NEED TO UPDATE Donghui Li has submitted 58 SourceForge term requests on behalf of TAIR curators from December 2009 to December 2010 (each request may contain multiple terms). Of these 58 requests, 52 have been closed. 56 new GO terms have been created.

Other ontology development work

Tanya Berardini:

continues to participate in creating cross-products for terms within and among the three GO namespaces
participated in LEGO prototyping and modeling
participated in the project to align GO with ChEBI
working on aligning the Plant Ontology (PO) with GO with respect to anatomical structures used in the development branch of the biological process ontology
participates in the rota for Sourceforge request (4 total people in rota, one week at a time, weekly conference call)
participates in the rota for the gatekeeper for the TermGenie requests (4 total people in rota, one week at a time)
attends weekly GO editors conference call

Donghui Li:

attends regular GO annotation conference calls as the TAIR representative

B. Annotation outreach and user advocacy efforts

PAINT annotation

Donghui Li does PAINT-based annotation.

TOAST (TAIR Online Annotation Submission Tool)

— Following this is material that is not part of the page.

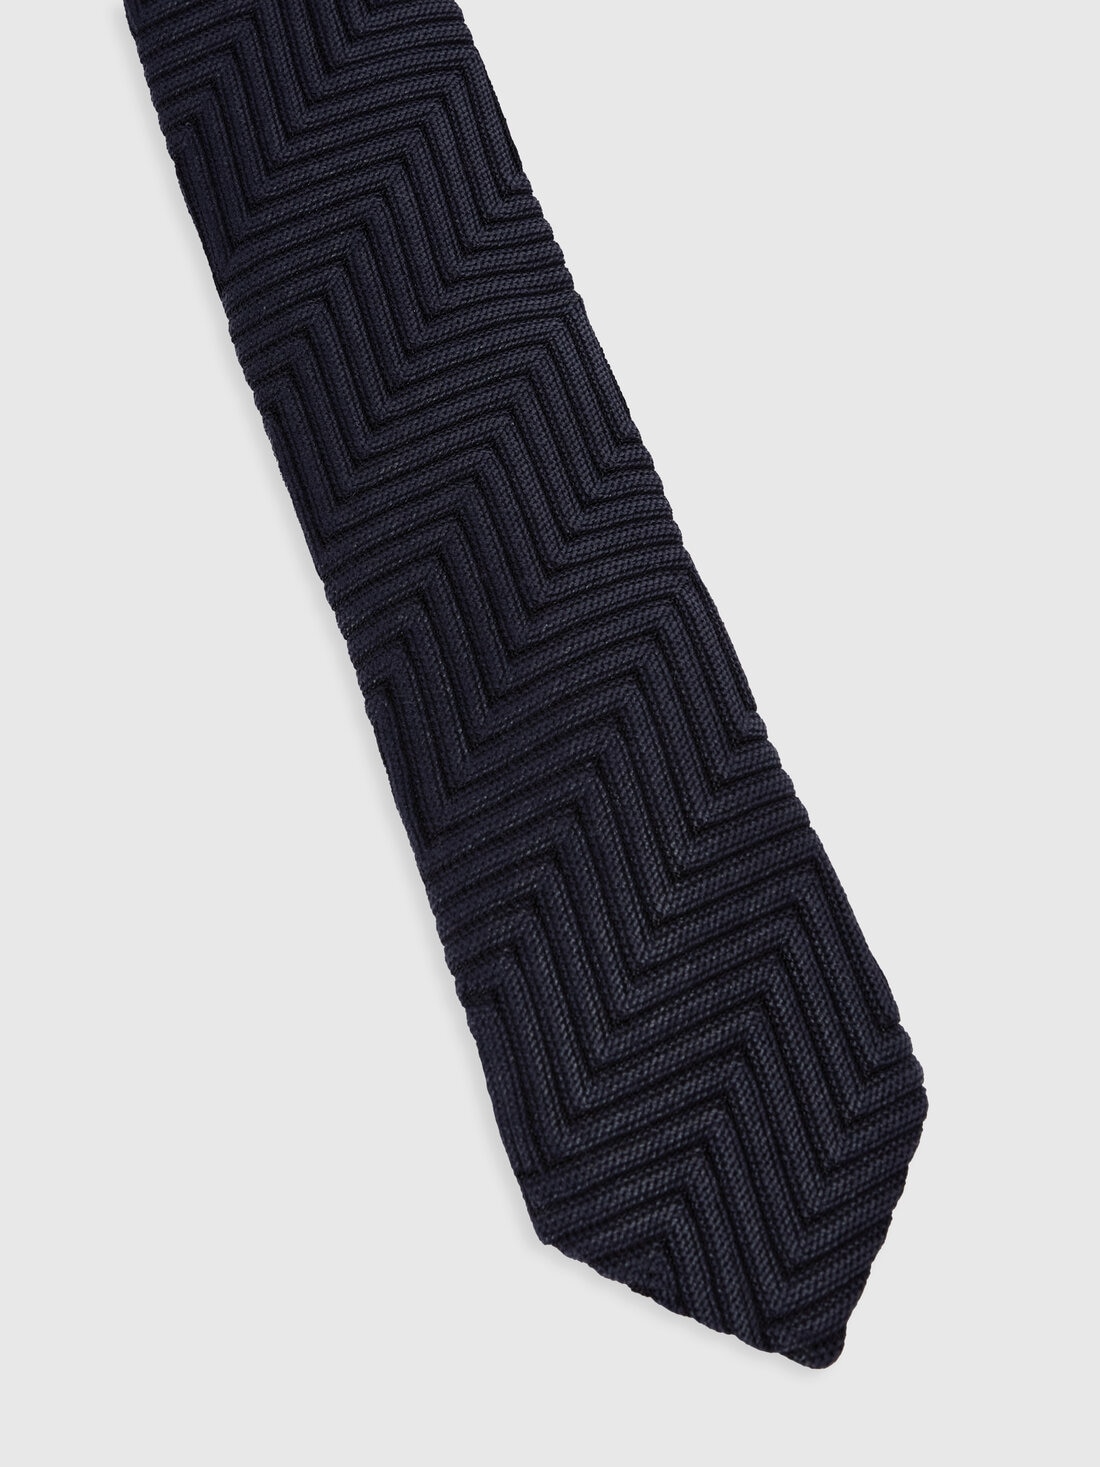 Cotton and viscose chevron tie, Multicoloured  - 8053147141824 - 1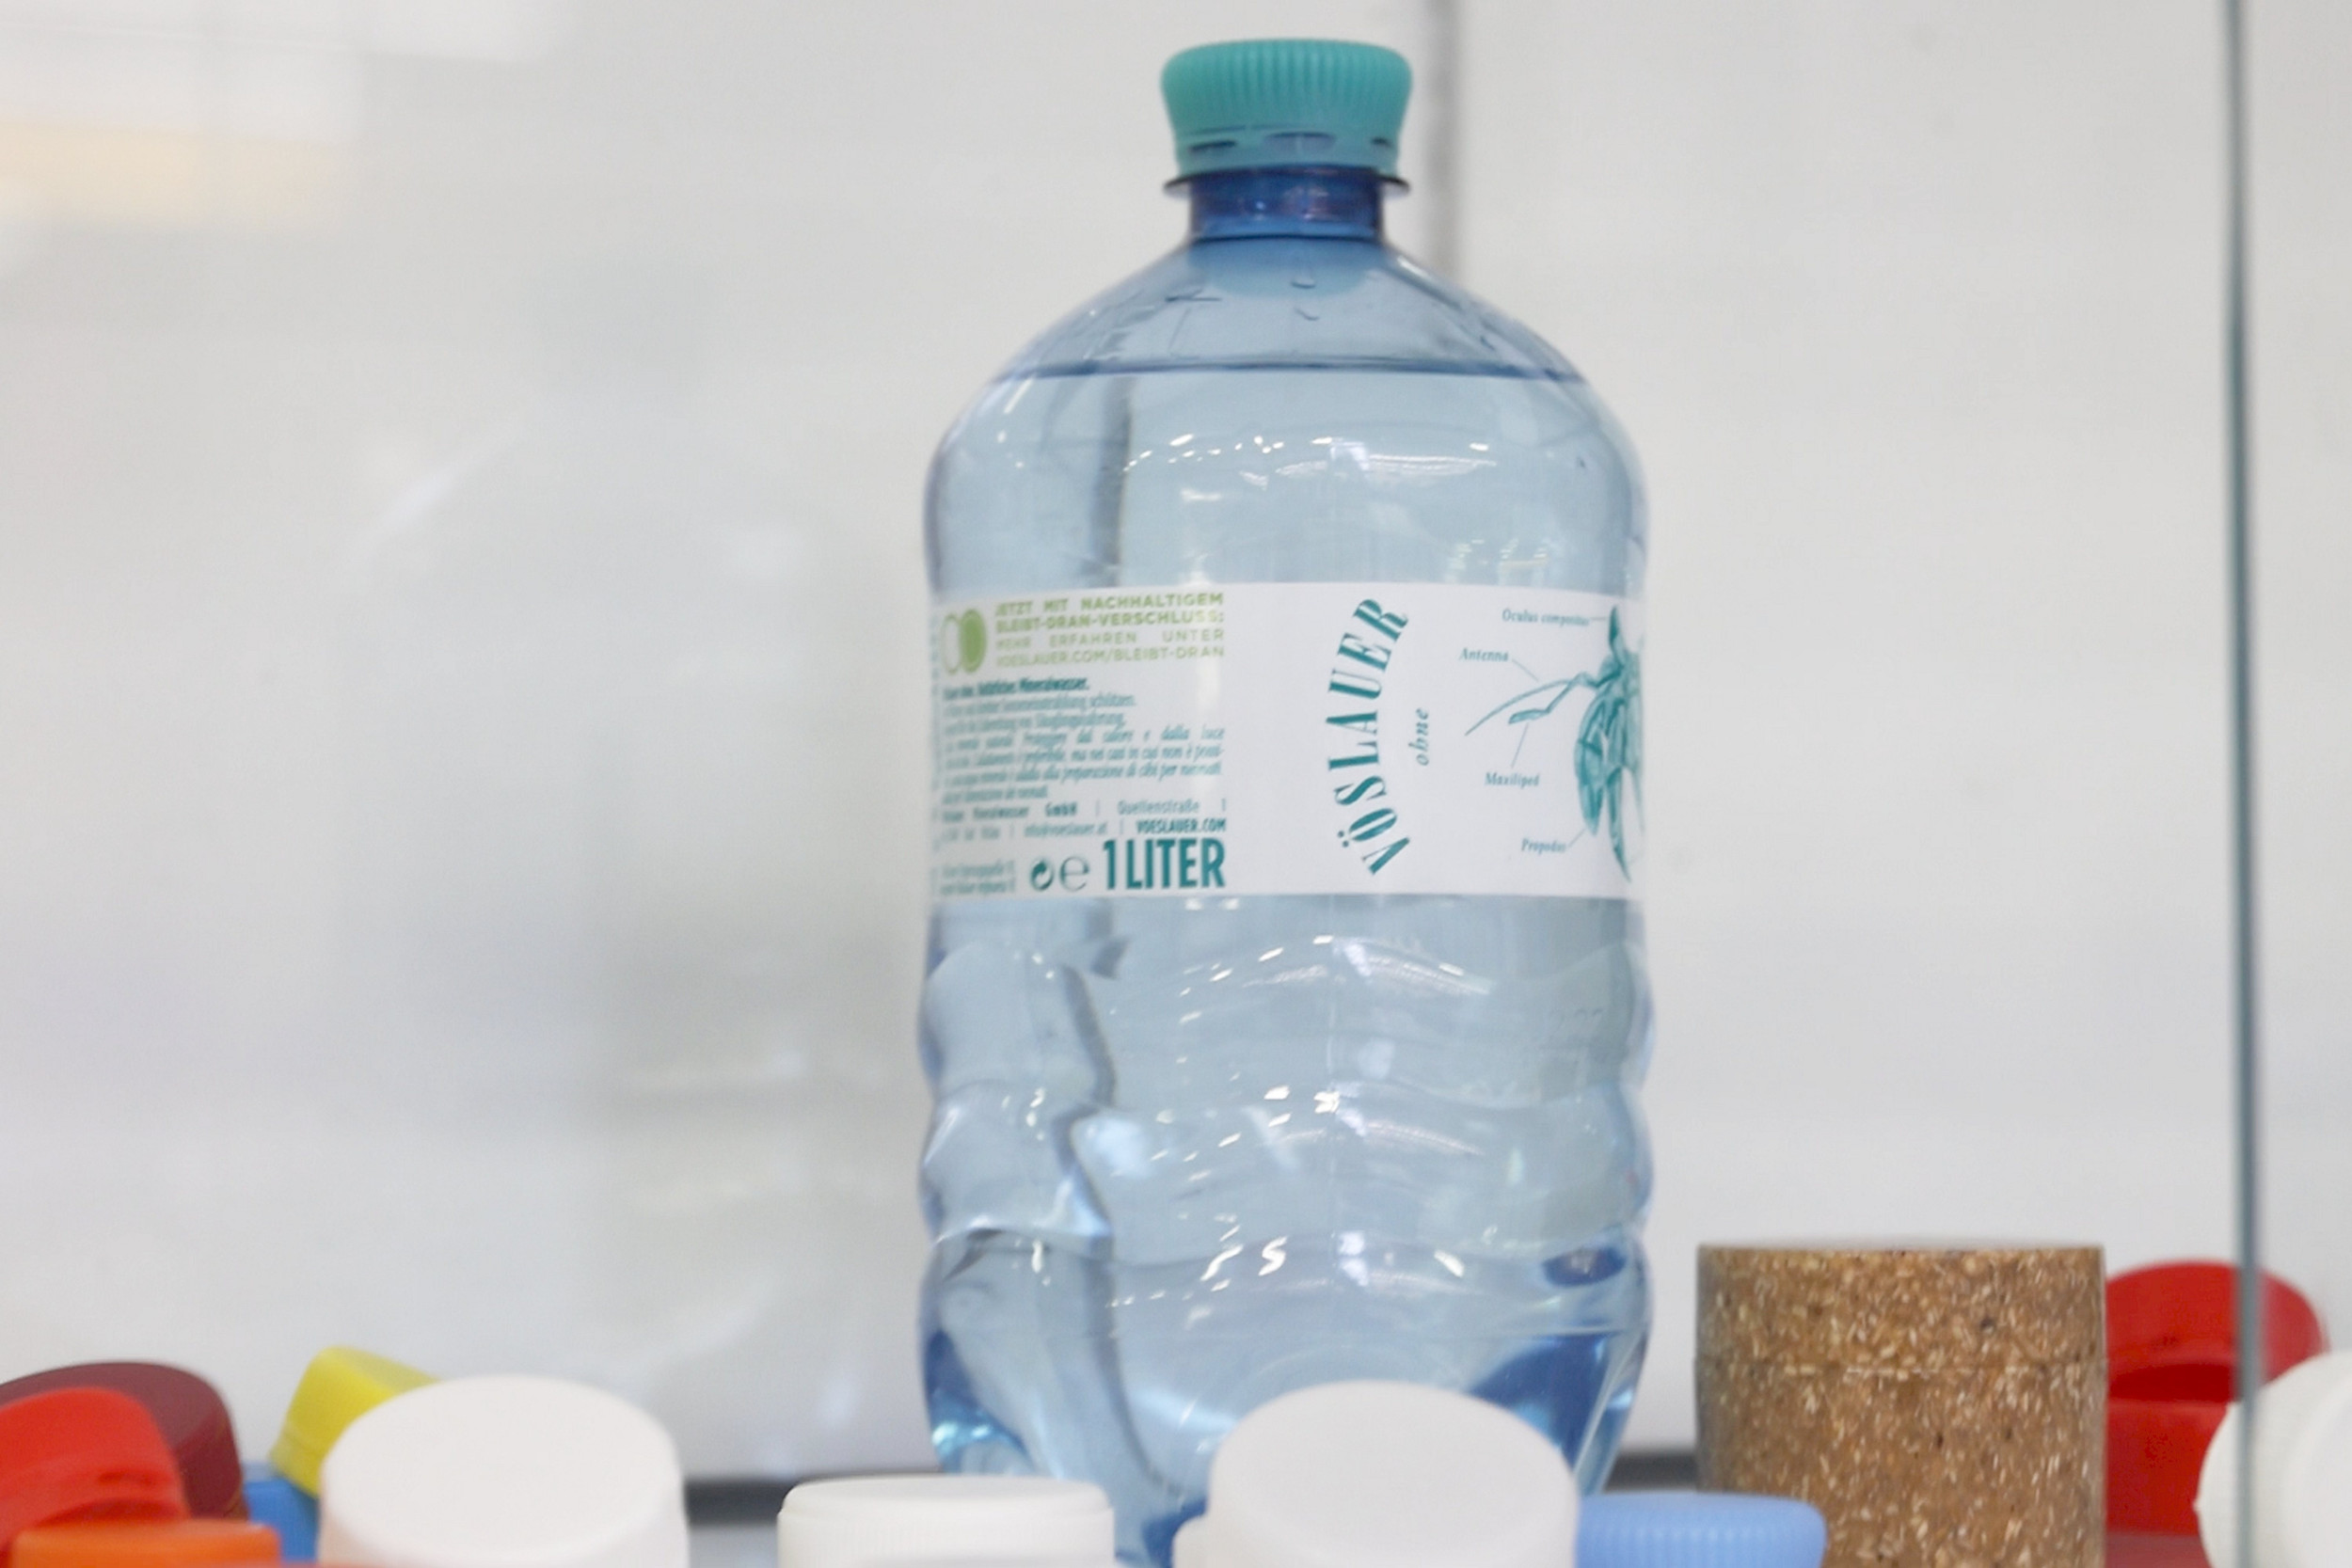 Alpla ist eines der führenden Unternehmen im Bereich Entwicklung und Produktion innovativer Verpackungslösungen aus Kunststoff. Zum Portfolio gehören Verpackungssysteme, Flaschen, Verschlüsse und Spritzgussteile für verschiedenste Wirtschaftszweige.

TAIR continues to collect controlled vocabulary annotations via its online tool. TOAST

TAIR can accept annotations based on any journal article, regardless of the journal it was published in, provided that the article has a DOI or a PMID. Submitters must be registered at TAIR.

GO help

Tanya Berardini continues to participate in manning the GO helpdesk. This involves answering the questions that come in through gohelp@geneontology.org or forwarding them to the appropriate parties for response. There are 8 GOC curators that rotate this task, one week at a time.

C. Other highlights - none

Donghui Li continues to serve as a member of the BioCreative User Advisory Group. This involves defining the task for BioCreative V (development of modules to aid GO curators in identifying articles with curatable GO information (triage) and extracting gene function terms and the associated evidence sentences in full-length articles) as well as developing a strategy to create a gold-standard annotated literature corpus for text mining.